Она была такая белая, что в моей грязной гримерной сразу становилось светлее. Необычайно длинное белоснежное тело борзой на затылке, на суставах, на верхней части ног и по хвосту было опушено тончайшим серебром, колышущимся блестящим мехом, похожим на стеклянные нити. Она входила и поднимала на меня глаза, темно-карие с оранжевым отливом, — одного их редчайшего цвета было достаточно, чтобы тронуть душу. Розовый пересохший язык чуть свешивался изо рта, тихое дыхание участилось от жажды…
«Дай мне воды… Дай воды, хоть это и запрещено… Мои товарищи там, наверху, тоже страдают от жажды, нам нельзя пить перед работой… Но ты ведь дашь мне воды…»
И лакала тепловатую воду из цинковой миски, которую я для нее приготовила. Лакала с изысканным изяществом, казавшимся нарочитым, как и все ее движения, и мне становилось стыдно перед ней за облупленный край миски, за вмятины на кувшине, за грязные обои, которых она старалась не касаться…
Пока она пила, я глядела на ее маленькие ушки в форме крыльев, лапы, твердые, как оленьи копыта, втянутые бока и длинные когти, такие же белые, как шерсть…

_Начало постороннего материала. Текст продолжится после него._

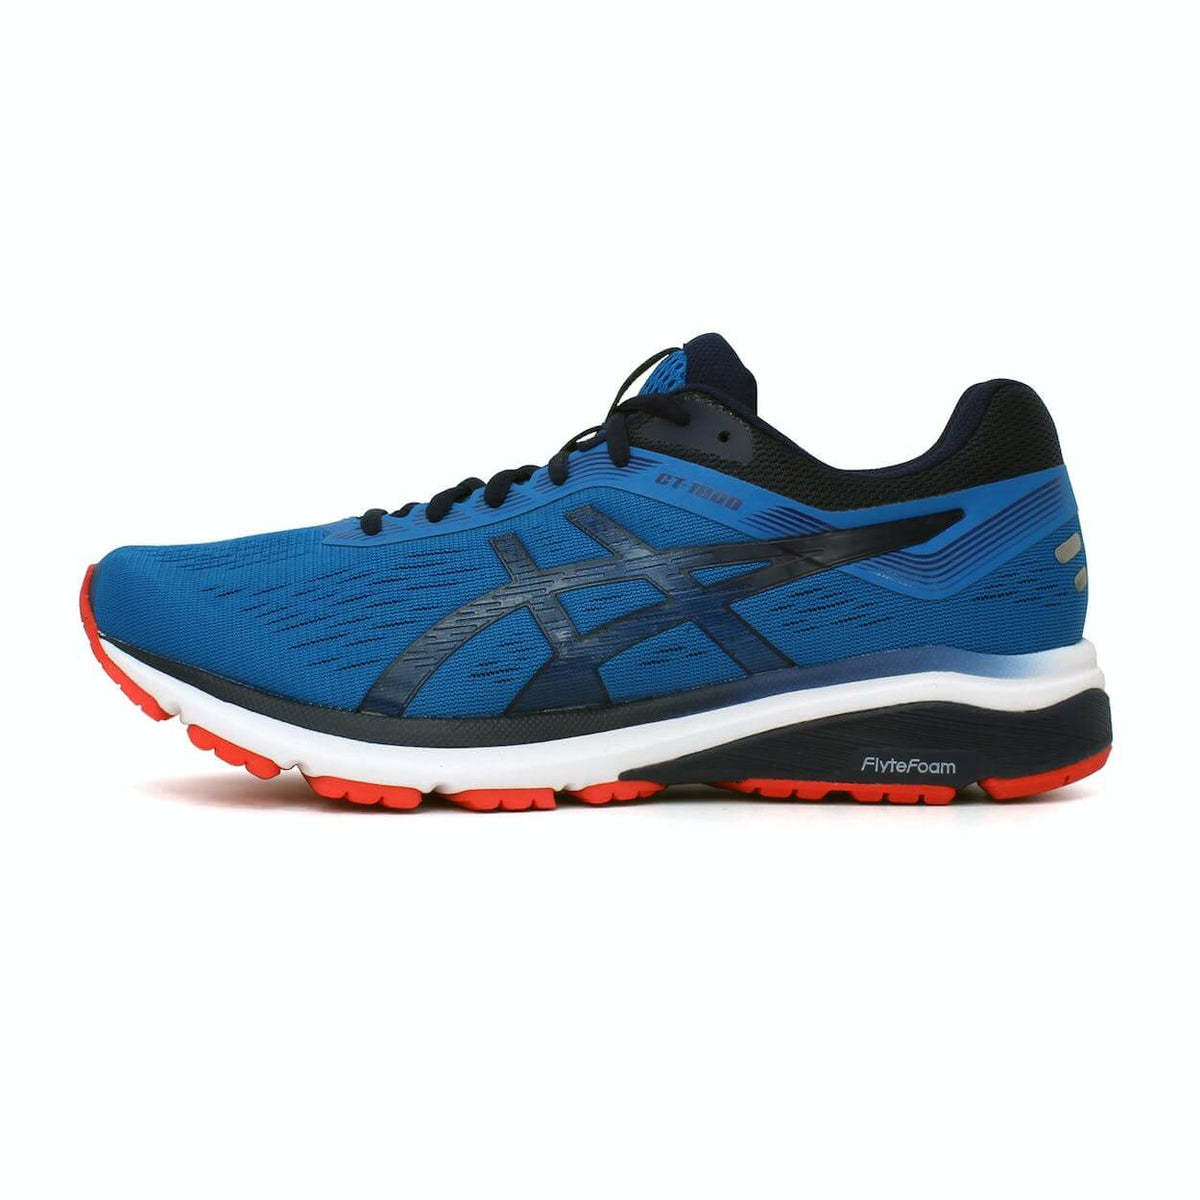 An image of the Asics GT-1000's in a blue and white colourway shown from the side.

Напившись, она отворачивала от миски узкую застенчивую мордочку и снова, но чуть дольше, задерживала на мне взгляд, где я не могла прочесть ничего, кроме неясного беспокойства и какой-то робкой просьбы… Потом она в одиночестве поднималась на сцену, там, впрочем, ее роль сводилась к почетному присутствию и к нескольким эффектным прыжкам через барьер, в которых чувствовалась сдержанная, не растрачивающая себя сила. В свете рампы золото ее глаз вспыхивало ярче, а на щелканье шамбарьера она всякий раз отзывалась нервной гримасой, полной угрозы улыбкой, приоткрывавшей ее розовые десны и безупречные зубы.
Почти месяц она не просила у меня ничего, кроме безвкусной тепловатой воды в облупленной миске. И каждый вечер я без слов говорила ей: «Бери. Я бы хотела дать тебе все, на что ты имеешь право. Ведь ты признала меня, ты, что не говоришь ни с кем, даже с дамой из Вены, пухлой и властной рукой завязывающей на твоей змеиной шее синий ремень».
На двадцать девятый день я печально поцеловала борзую в шелковистый плоский лоб, а на тридцатый день… я ее купила.
«Она красивая, но мало что умеет», — поделилась со мной дама из Вены. На прощание она прощебетала Лоле какие-то австро-венгерские любезности; собака стояла возле меня, она была серьезна и смотрела перед собой жестким, чуть косящим взглядом. А потом я взяла в руку брошенный поводок и пошла прочь, и ее длинные сухопарые ноги, вооруженные белыми когтями, приноравливались к моей походке…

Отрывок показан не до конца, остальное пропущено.